Once you have lein, you can run the self-install to finish the job:

> lein self-install

Install Slimv

I assume you found this article looking for something like "vim clojure", so I assume you have pathogen. If not, get it. After that, it's as easy as downloading slimv and putting its contents in the bundle/ directory. We'll see if it worked later.

Install Clojure-swank

Leiningen makes this as easy as

> lein plugin install swank-clojure 1.4.0

I'm not actually sure this is necessary, but hey, it worked for me.

Usage

Lein really prefers that you do your development in a well-defined project directory. You can make one with:

> lein new test-app

This will create a new clojure project "test-app" in a new directory from where you ran the command. Then, cd into that directory and run:

> lein swank

Slimv claims to have the ability to run this for you, but it didn't work for me on windows. Besides, this way you're running it from your proper project. Now, you can open the src/test-app/core.clj file in vim (this might be called something else for you). It will have a namespace at the top already; I added the rest in so that you had something to test on:

1 2 3 4 5
(ns test-app.core)
 
(defn fact [x] (reduce * (range 1 (inc x))))
 
(fact 5)

Basic commands:

1) Turn off paredit using ",(". It will be annoying for you until you get used to it.

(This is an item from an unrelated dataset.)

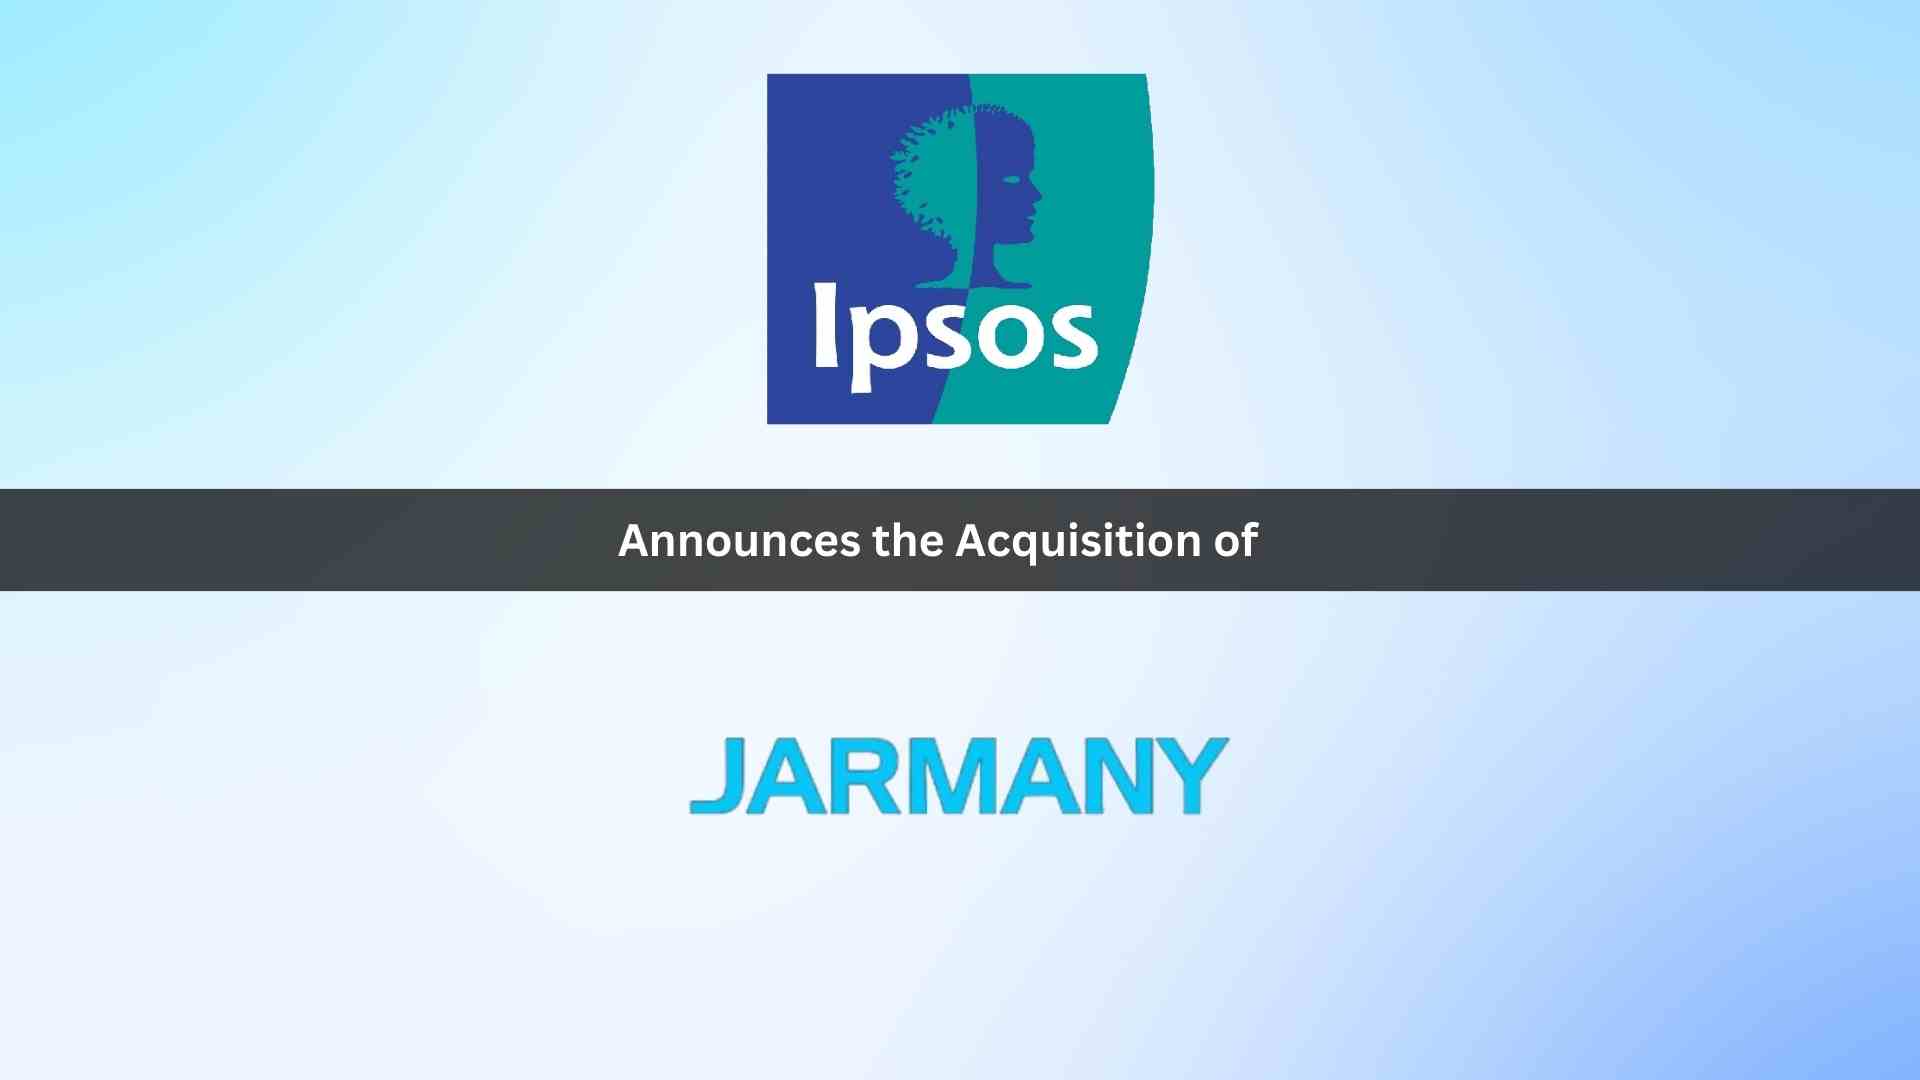 Ipsos acquires Jarmany, a company specialising in data management and analytics in the UK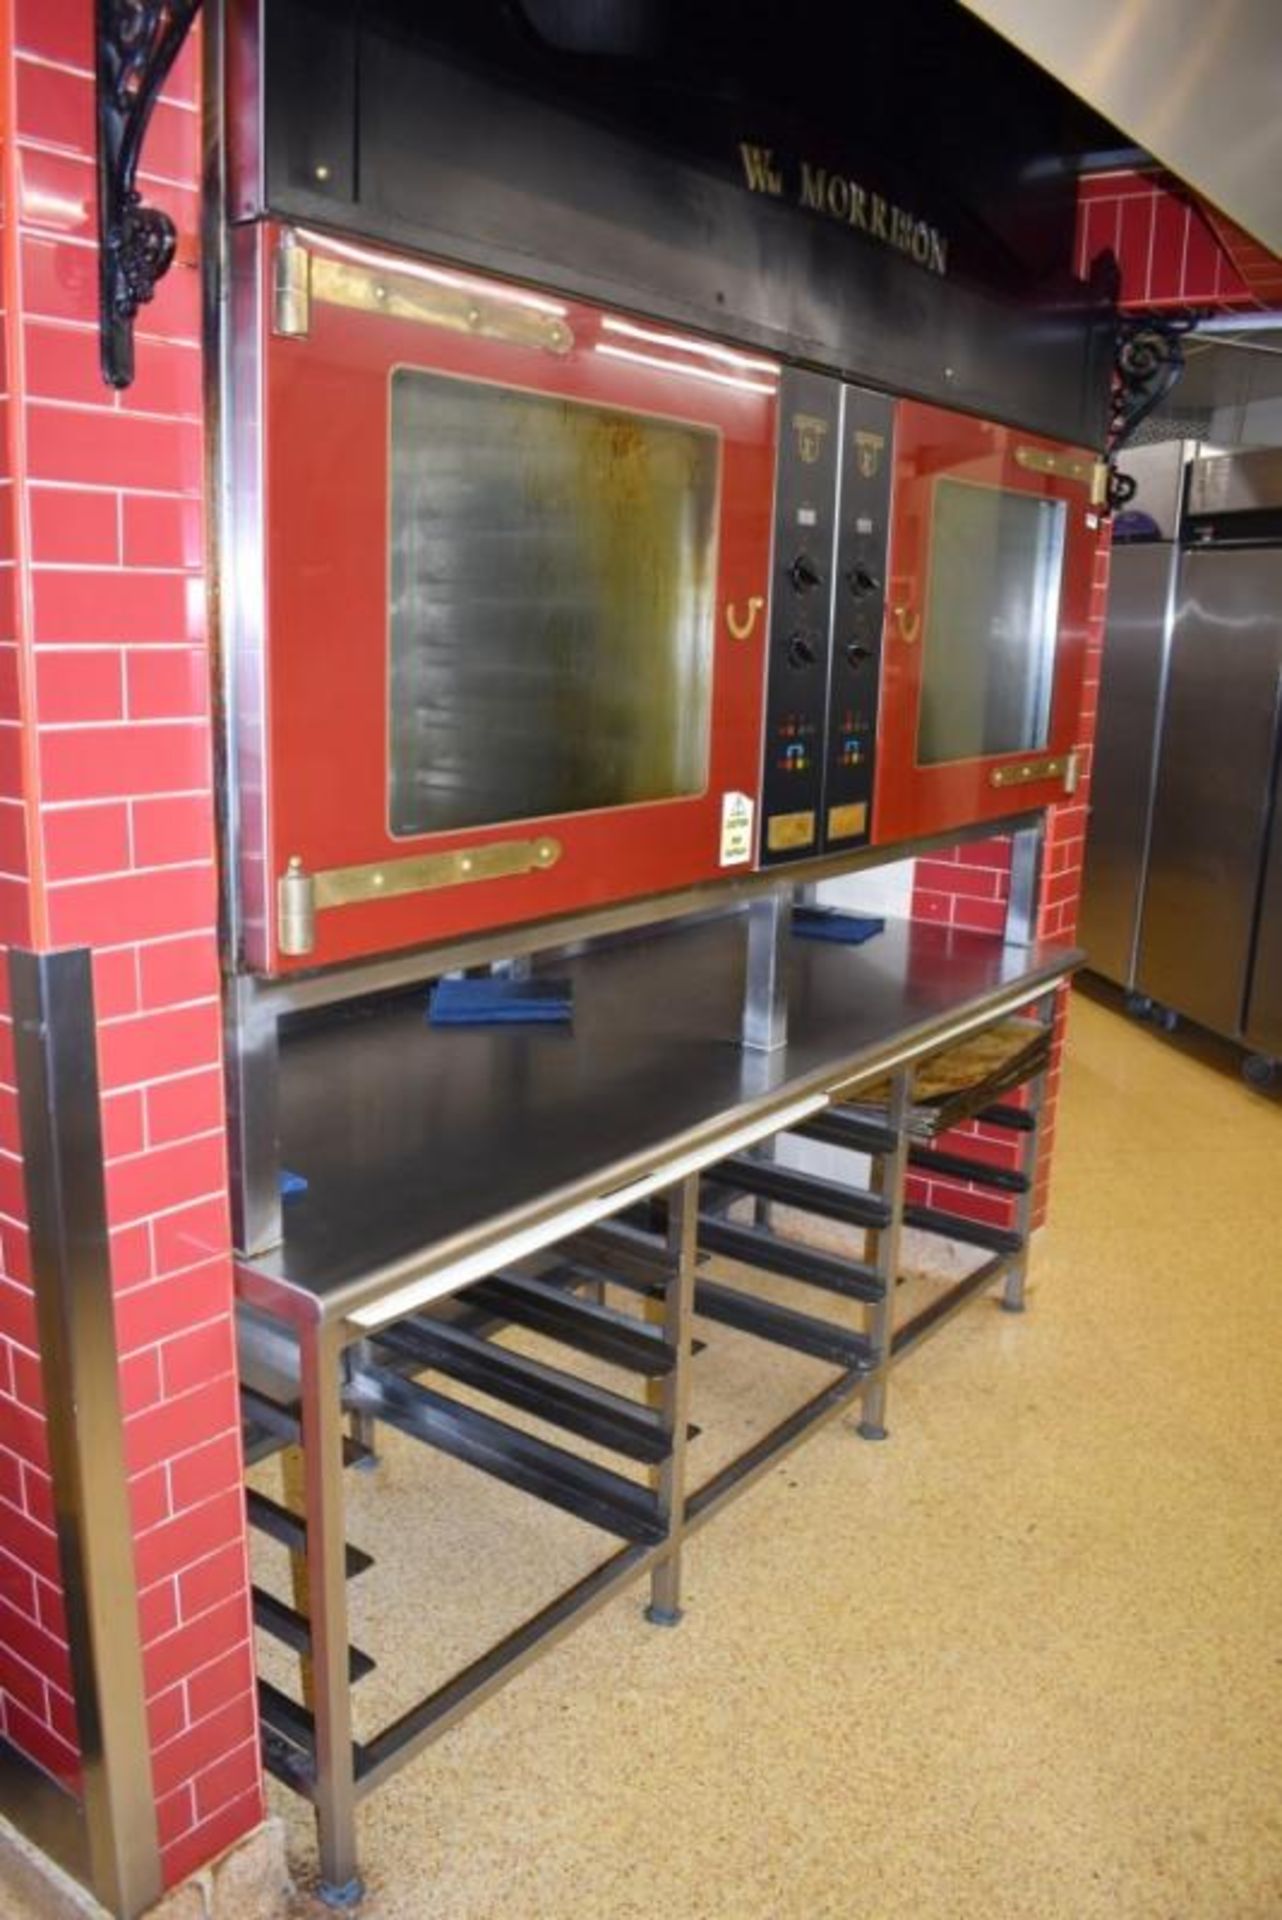 1 x Tom Chandley Double C5 60X40 Pie Oven With Stainless Steel Baking Tray Prep Bench - CL455 - Ref - Image 5 of 18

2) Open up the swank connection using ",c", outside of insert mode of course.

3) Go within the (defn...) and type ",d". This is a shortcut to evaluating the defn that your cursor is in.

4) Highlight the opening paren of the (fact 5) statement and type ",e". This will evaluate the current form.

That's about it! You should see the results in the swank window in vim as you do all that.